> **Task objective**:
Apart from the images, repeat the data below exactly as written.

> **Supplied information**:
————

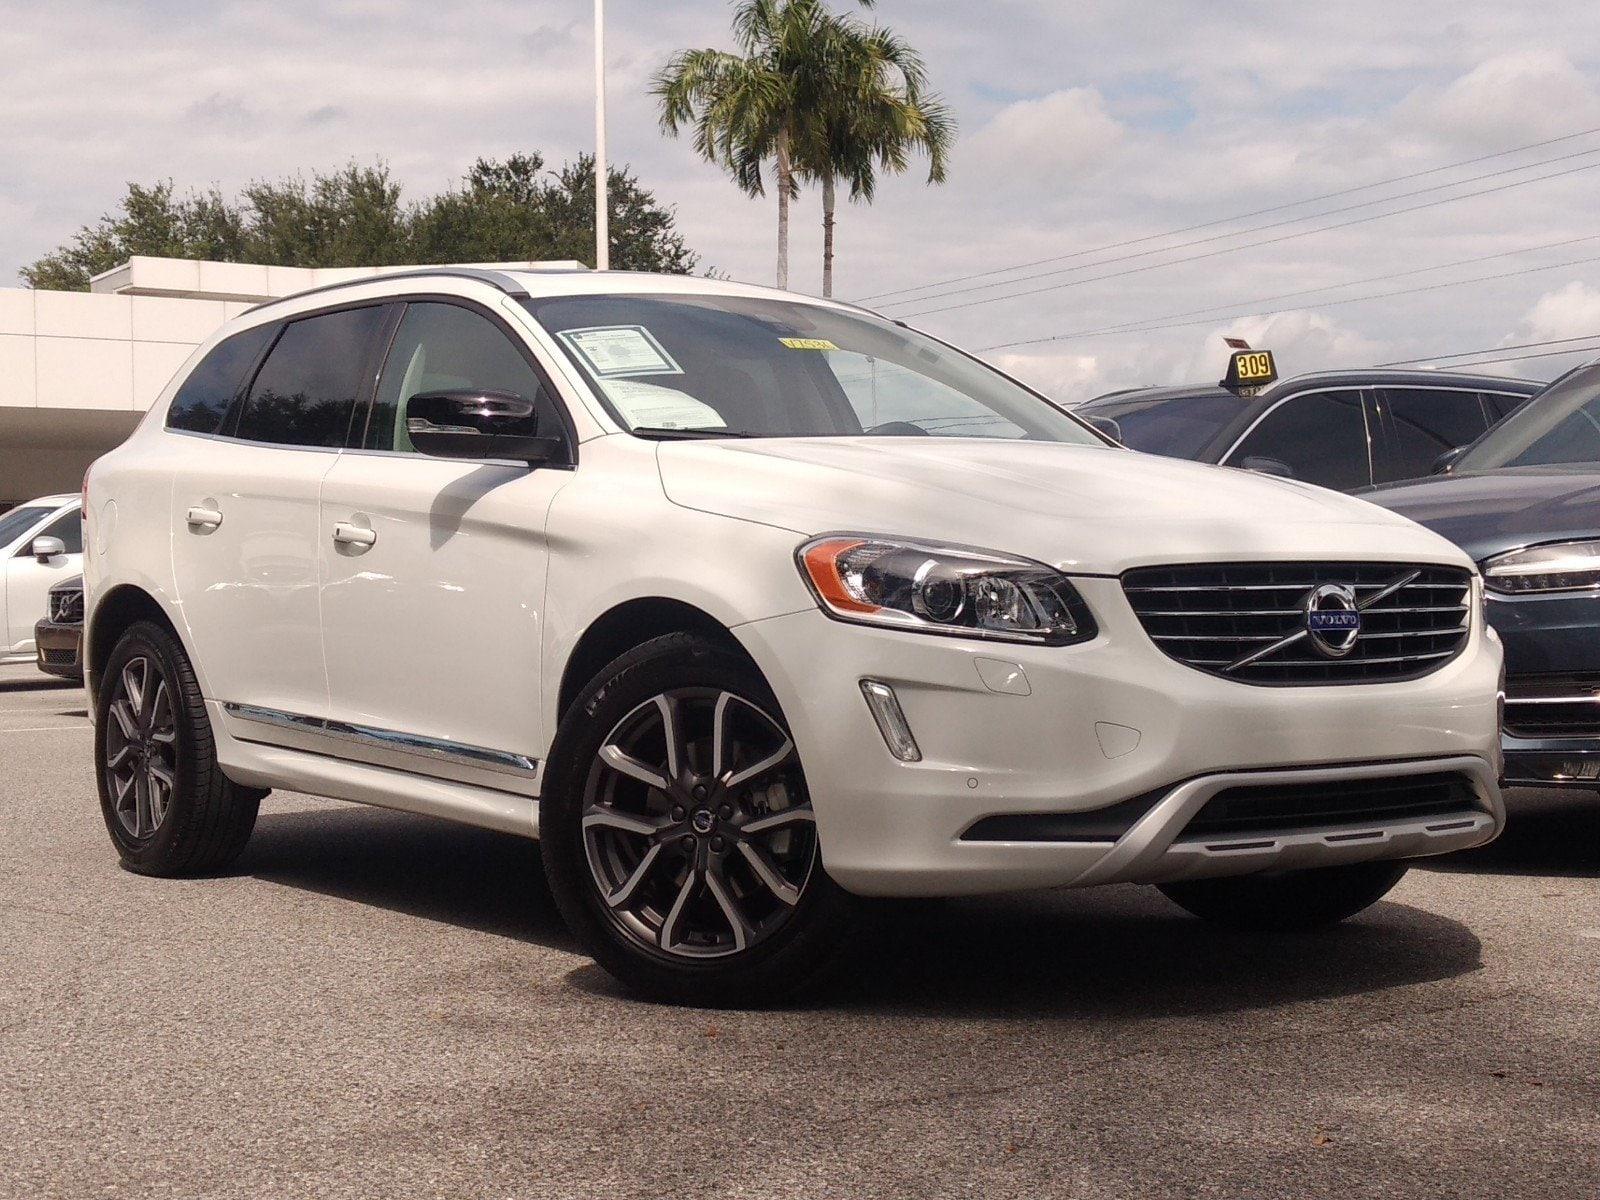 2017 Volvo XC60 Dynamic T6 AWD Dynamic for sale in Sarasota, FL
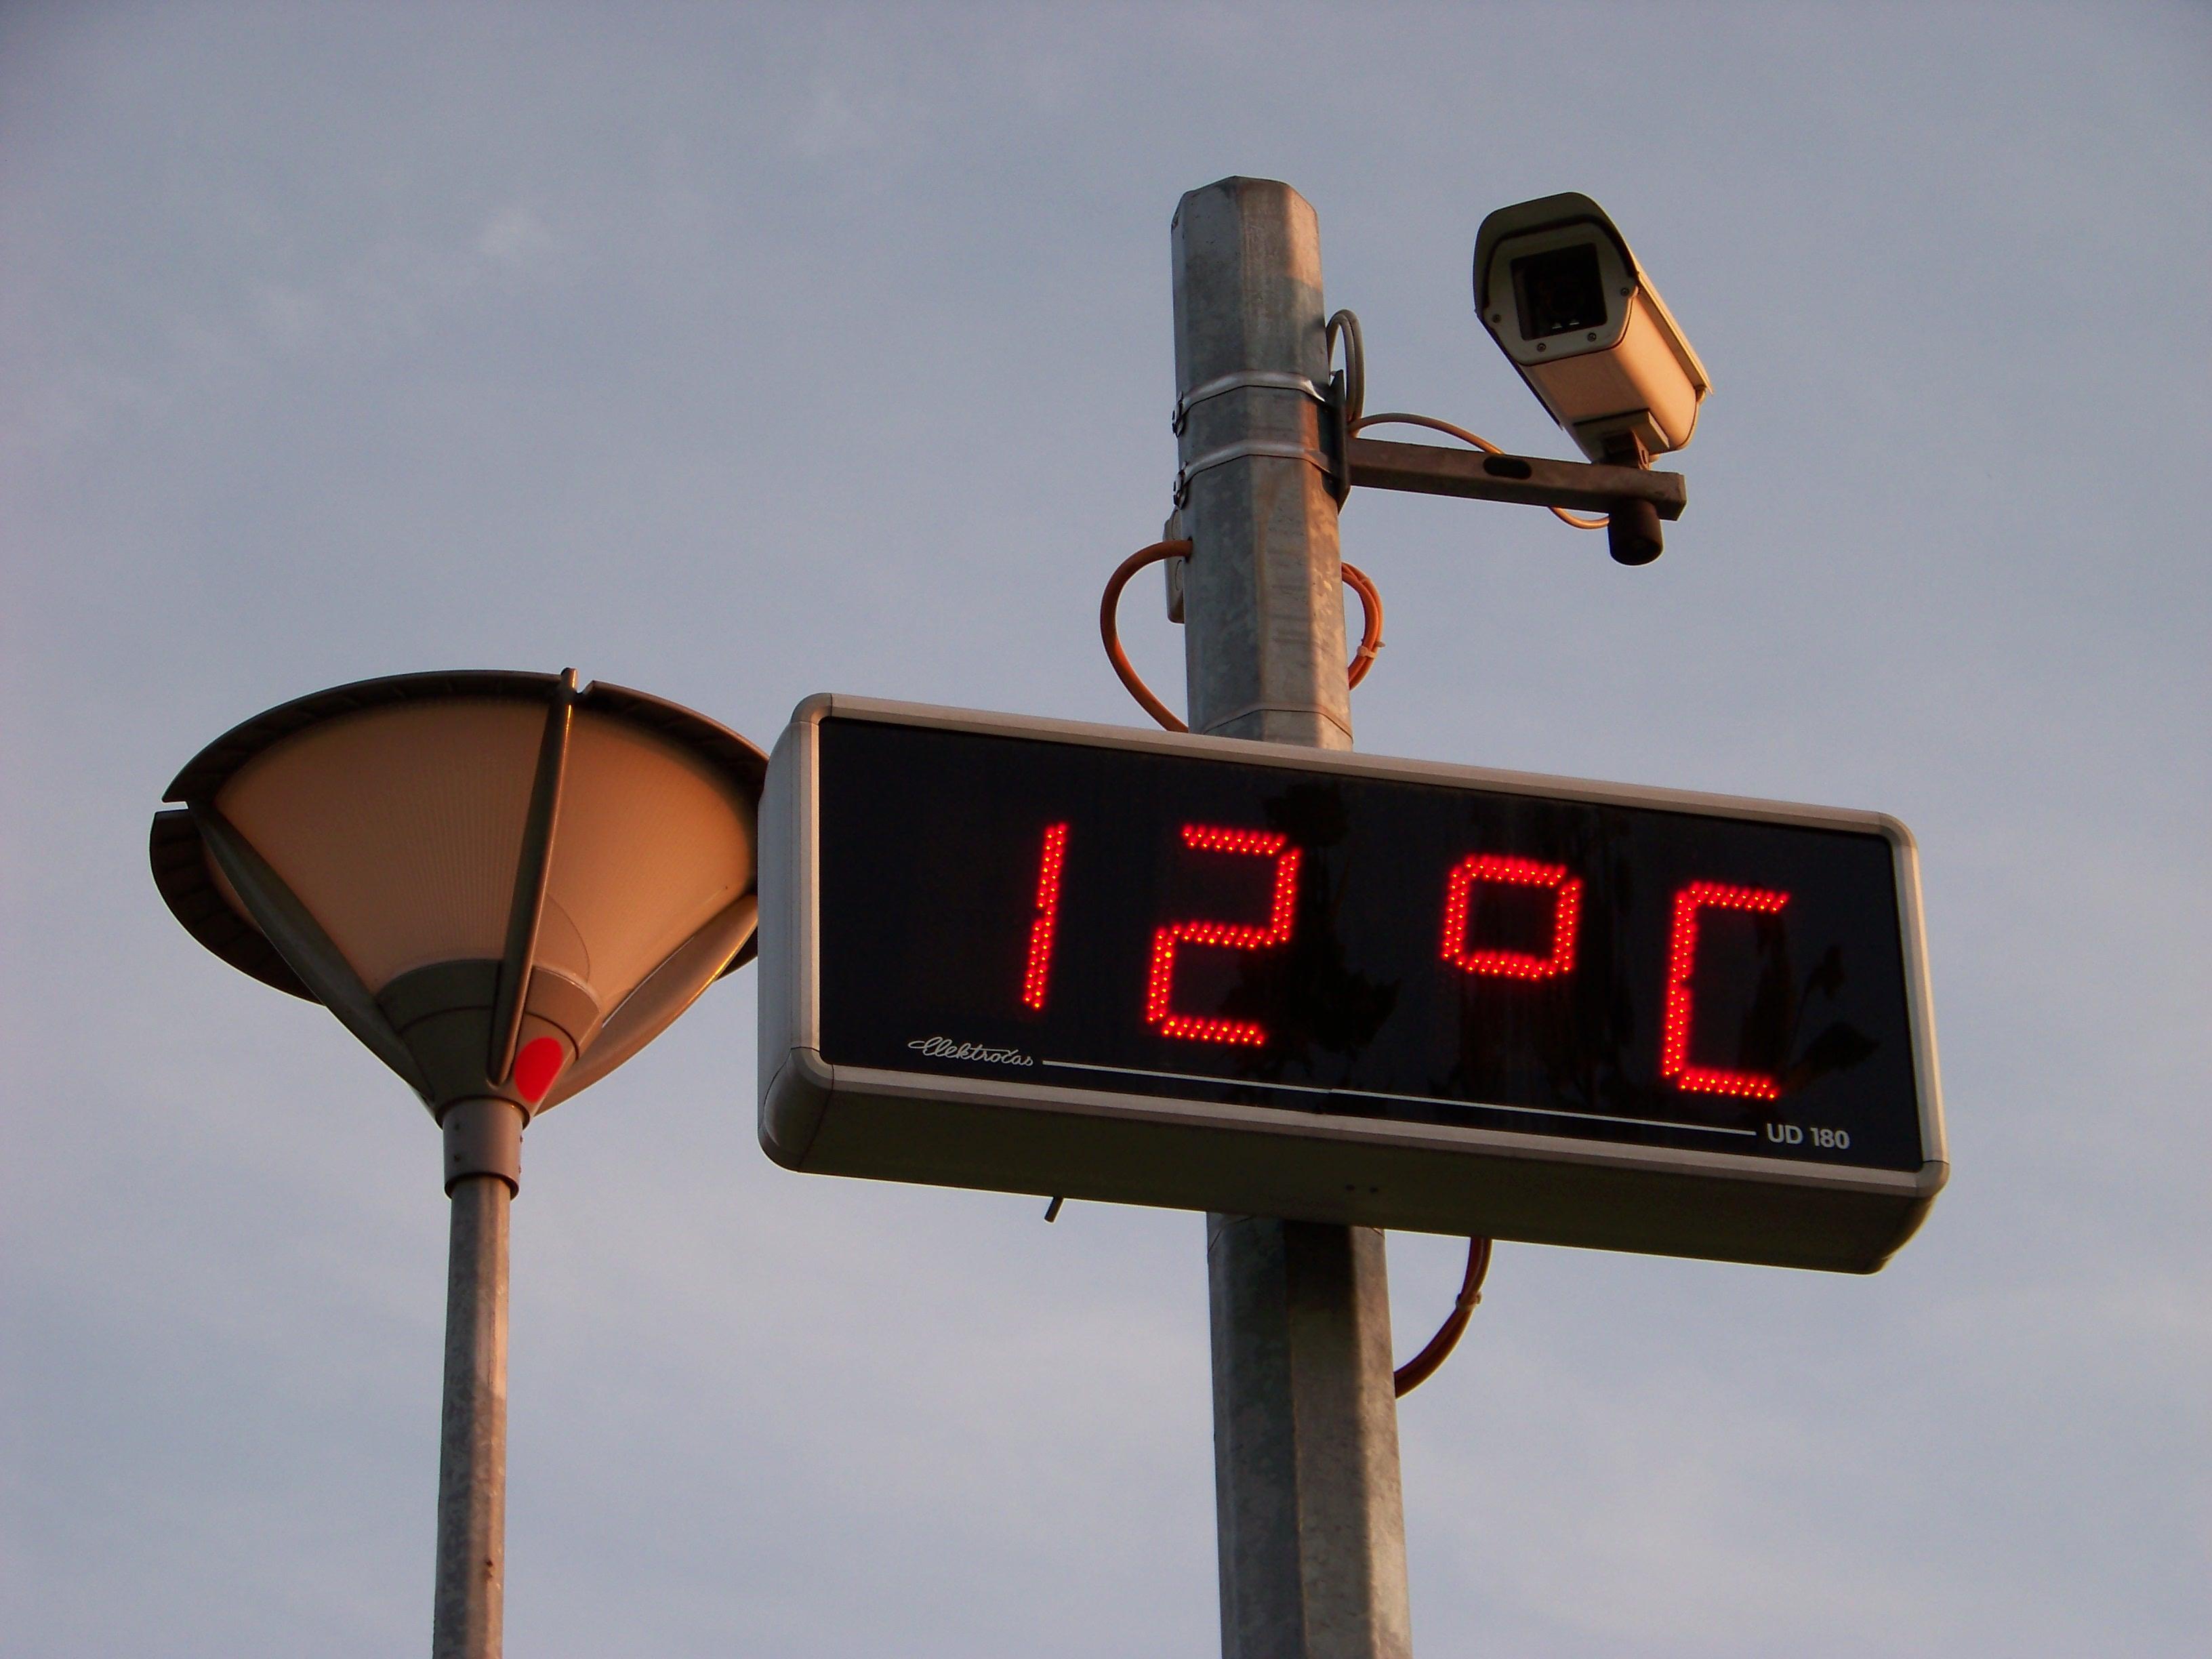 ファイル:Prosek, displej času a teploty a kamera, teplota.jpg
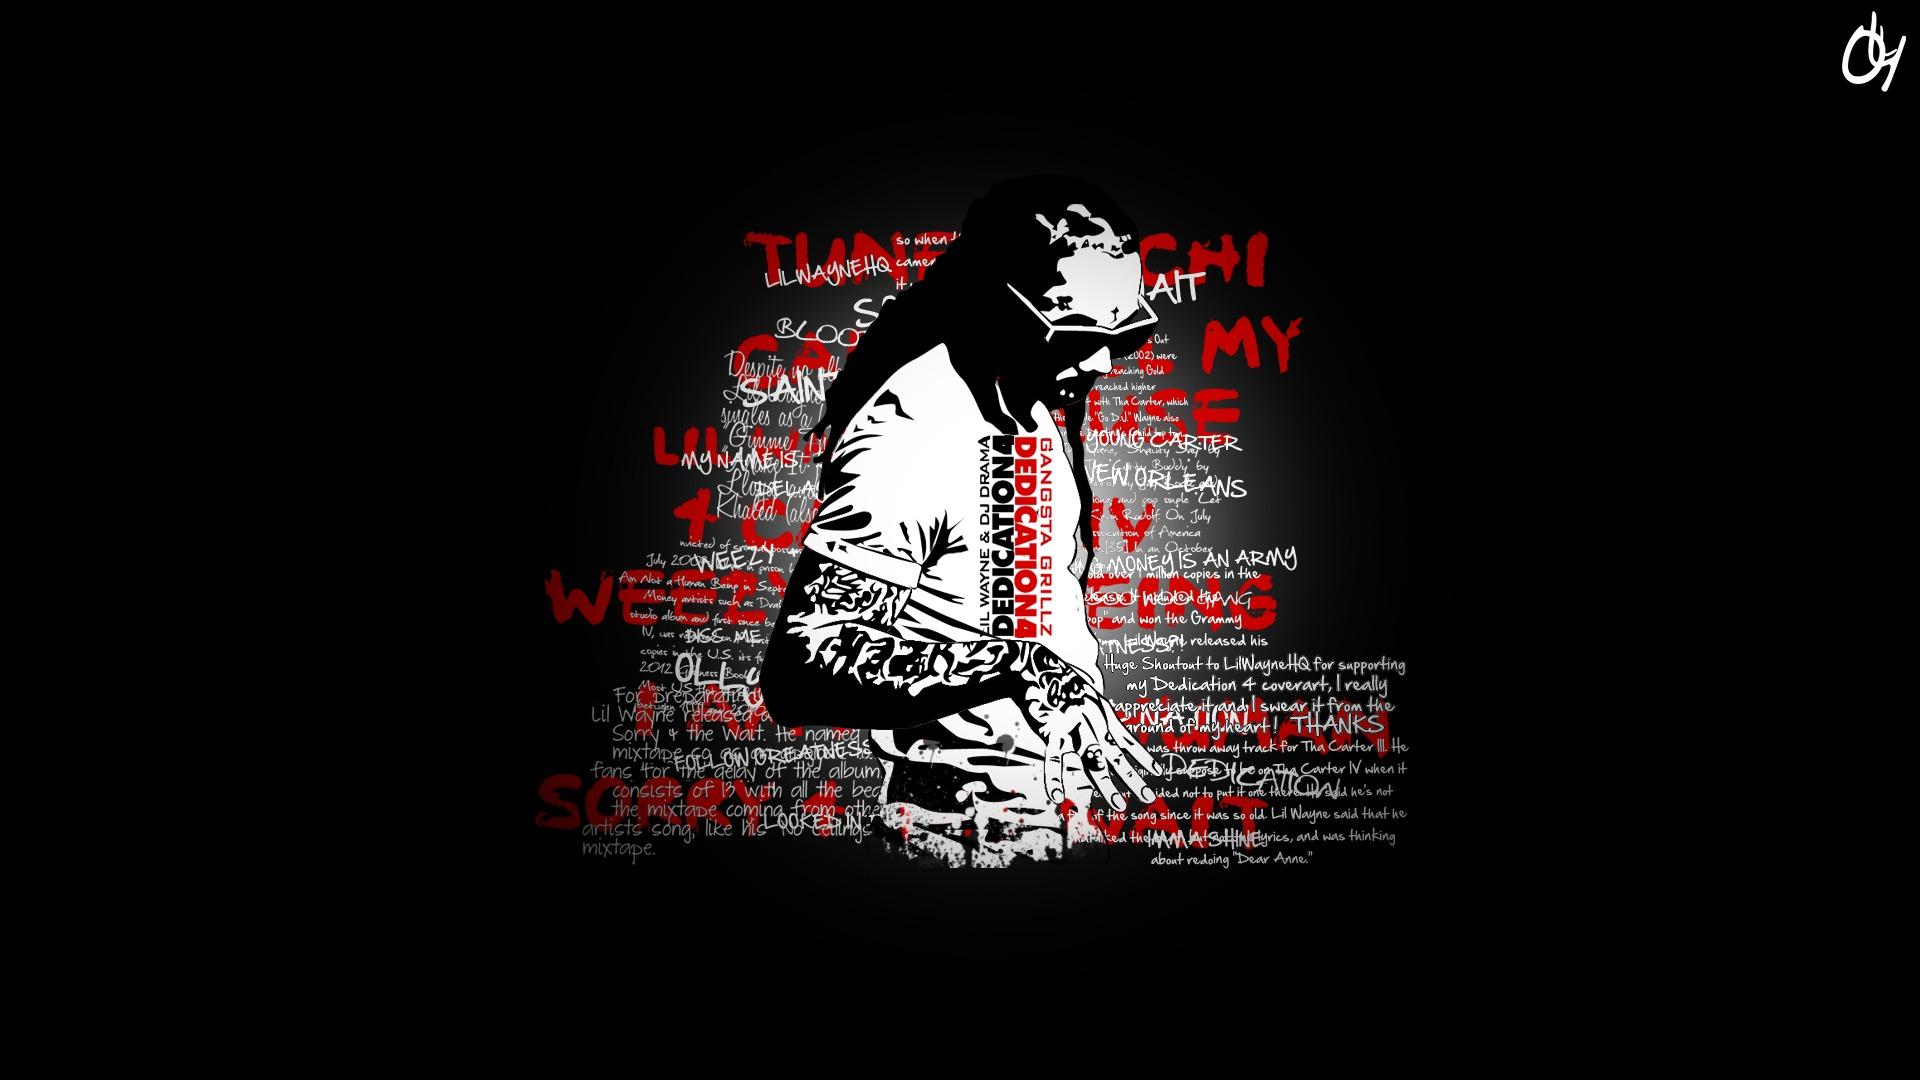 Inspirational Quotes Wallpaper Rapper Free Download Rap Wallpapers Pixelstalk Net
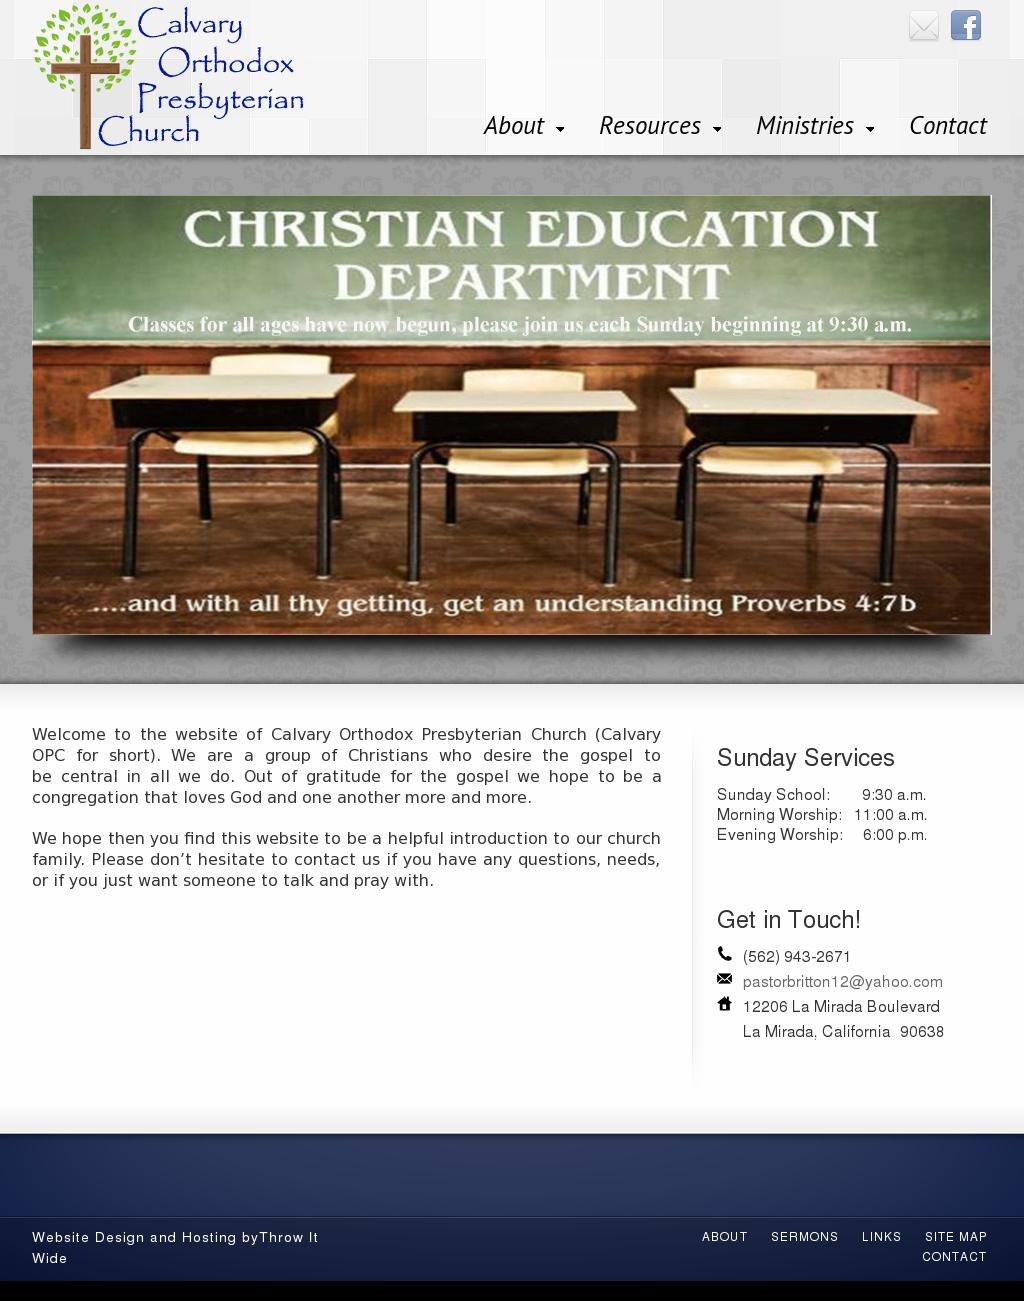 Calvary Orthodox Presbyterian Competitors, Revenue and Employees

————

> **Answer to this problem**:
 2017 Volvo XC60 Dynamic T6 AWD Dynamic for sale in Sarasota, FL
 ファイル:Prosek, displej času a teploty a kamera, teplota.jpg
 Inspirational Quotes Wallpaper Rapper Free Download Rap Wallpapers Pixelstalk Net
 Calvary Orthodox Presbyterian Competitors, Revenue and Employees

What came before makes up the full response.